Докучали батюшке и уполномоченный, и местная администрация, наступая на него всем своим идеологическим фронтом, но особенно ретиво боролся с ним секретарь обкома. Однако отец Серафим переносил это все благодушно. Когда кто-нибудь из прихожан заговаривал с ним о безбожной советской власти, старец мягко отвечал:
— Это попущение Божие. Давайте лучше поговорим о духовном…
И вот летом, кажется, это был 1972 год, страну поразила долгая страшная жара и засуха. Больше месяца не было дождя, все выгорало, урожай погибал. А секретарю обкома это грозило не то что строгим выговором, а вообще изгнанием с занимаемой должности, чего он, конечно, очень боялся.
И вот как‑то раз такой удушливо — знойной ночью слышит отец Серафим, как кто‑то стучится в его священнический домик.
Открыл он дверь, а там — секретарь обкома стоит, дрожит, палец к губам прикладывает: мол, тише, — тс! — товарищ святой отец Серафим, я к вам тайно и по очень важному государственному делу.
Впустил его отец Серафим. А секретарь обкома и говорит так заискивающе и просительно:
— Святой отец, засуха, урожай гибнет! Помолитесь, чтобы дождь пошел!
И даже неловко поклонился в пояс священнику.
На следующее утро после литургии отец Серафим устроил большой крестный ход — на поля, где и совершил водосвятный молебен, прося Господа не погубить посевы и сохранить урожай.
Только успел он переступить порог своего домика, как на небе собрались тучи и хлынул крупный Дождь.
Он шел целый день и целую ночь, и снова день и ночь, и неделю, и две. Колосья уже стали чернеть от воды, а дождь все идет. Все стучит по крыше ночь напролет.
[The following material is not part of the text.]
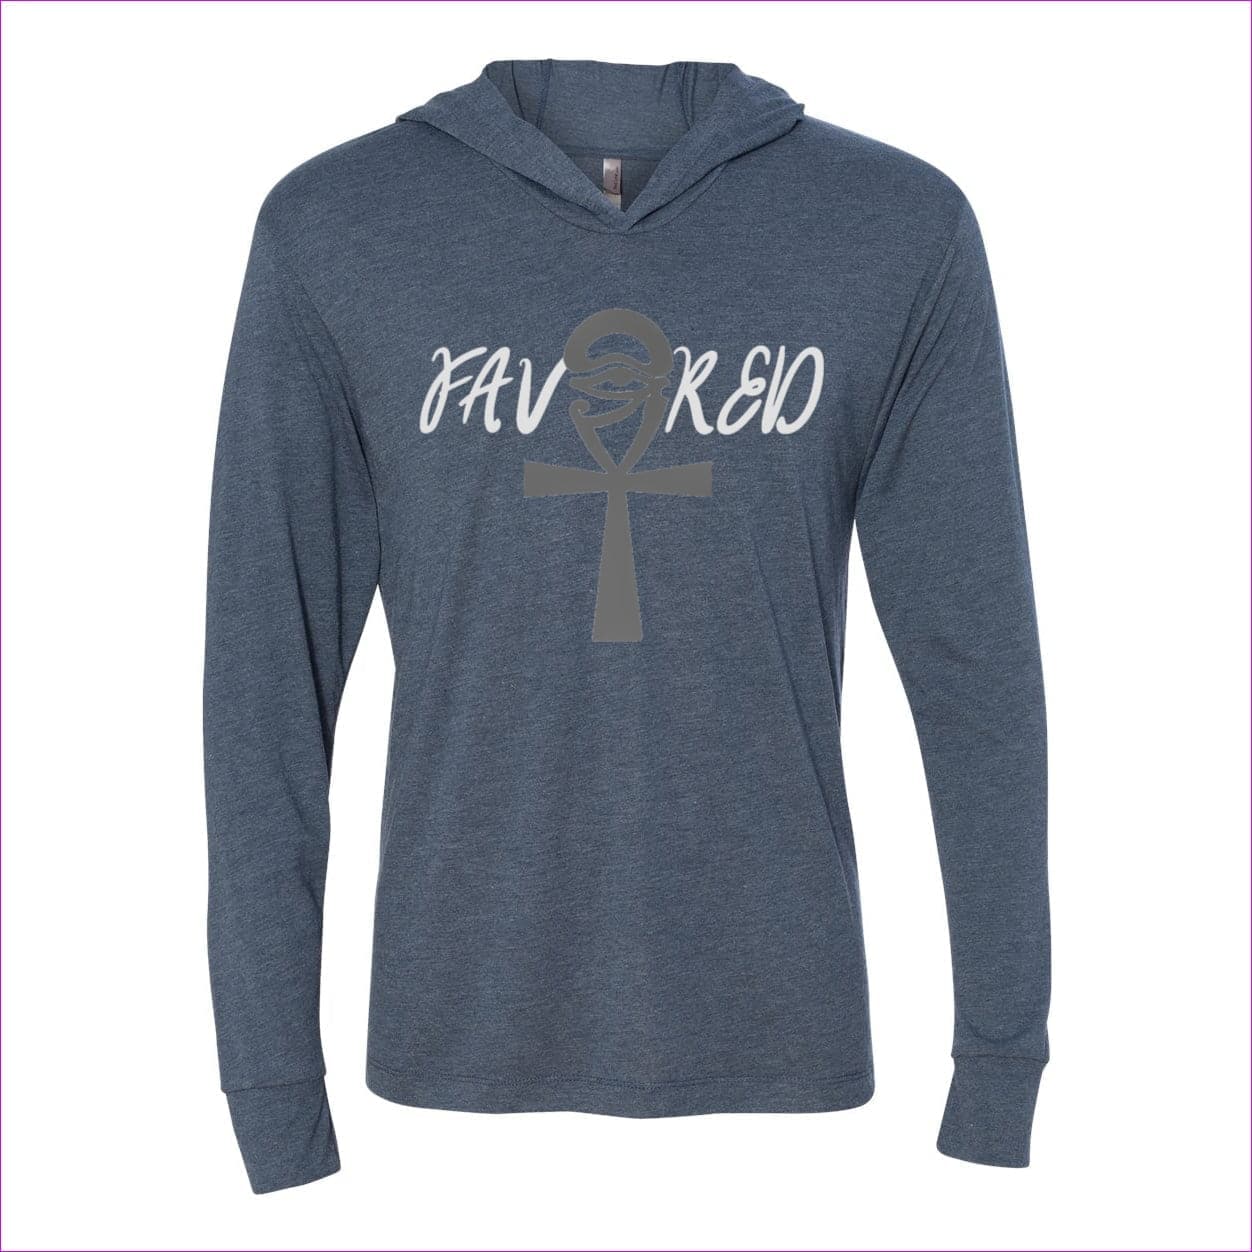 Indigo - Favored Womens Triblend Hooded Tee - womens hoodie at TFC&H Co.

Так и весь урожай сгнить может, а секретаря обкома за это погонят с его места поганой метлой.
И снова — как‑то ночью раздается отцу Серафиму стук в дверь.
И опять на пороге стоит вымокший и жалкий секретарь.
— Отец Серафим, спасибо вам, конечно, за ваши труды, за дождь, но как бы теперь его приостановить, а? Мол, хватит уже, так сказать, спаси Господи! Может, вы там снова у себя наверху просигнализируете, чтобы солнце засияло, чтобы урожай успеть убрать, траву покосить, стога высушить? Замолвите уж словечко!
Отец Серафим на следующее утро после литургии отслужил молебен, и на небе засияло солнце, высохли лужи, и установилась ясная ровная погода.
Новый Никодим
Вообще эти уполномоченные по делам религии, которым в советское время была дана такая власть, требуют своего отдельного рассказа. Именно от них порой зависела судьба священника и прихода: они имели полномочия или вовсе не дать иерею Божьему регистрацию, или ее отобрать, и тогда он оставался без храма, меж небом и землей, или просто — шантажировали его этой угрозой… Но, как правило, многоопытные священники, знатоки человеческих душ, умели с ними обращаться: те были падки на деньги, выпивку, жадные, сребролюбивые, и, как правило, их просто подкупали и подпаивали. Как называли их в церковном народе, «упал, намоченный»…
А отец Анатолий, многочадный деревенский священник, духовный сын архимандрита Серафима, тоже много чего претерпевавший от своего уполномоченного, в конце концов обратил его в свою веру. Вот как это было.
Уполномоченный попался ему очень идейный, агрессивный и «занозистый» — все время норовил сделать какую‑нибудь пакость священникам. И завел такой порядок: как только иерей Божий, назначенный в храм, обживется на своем месте, прихожанами пообрастет, только детишек в школу поотдает, крыльцо подремонтирует, огородик посадит, так его сразу и переводить в другое село, в противоположном конце епархии. Формально он придирался к тому, что священник ведет в храме чуть ли не антисоветскую агитацию. Однако для таких серьезных обвинений, подводящих иерея Божьего под уголовную статью, нужны были серьезные свидетельства. И вот поначалу этот уполномоченный сам захаживал во время проповеди, пытаясь поймать священника на слове, а потом, как бы чего‑то испугавшись, стал засылать туда с той же целью своих сексотов. И, давая им инструкции, на какой‑то своей летучке произнес фразу, которая вышла за пределы и стала крылатой: «Вы, в основном, вокруг все слушайте, а в саму церковь‑то не особо часто заходите и не надолго, а то ведь — за — со — сет!»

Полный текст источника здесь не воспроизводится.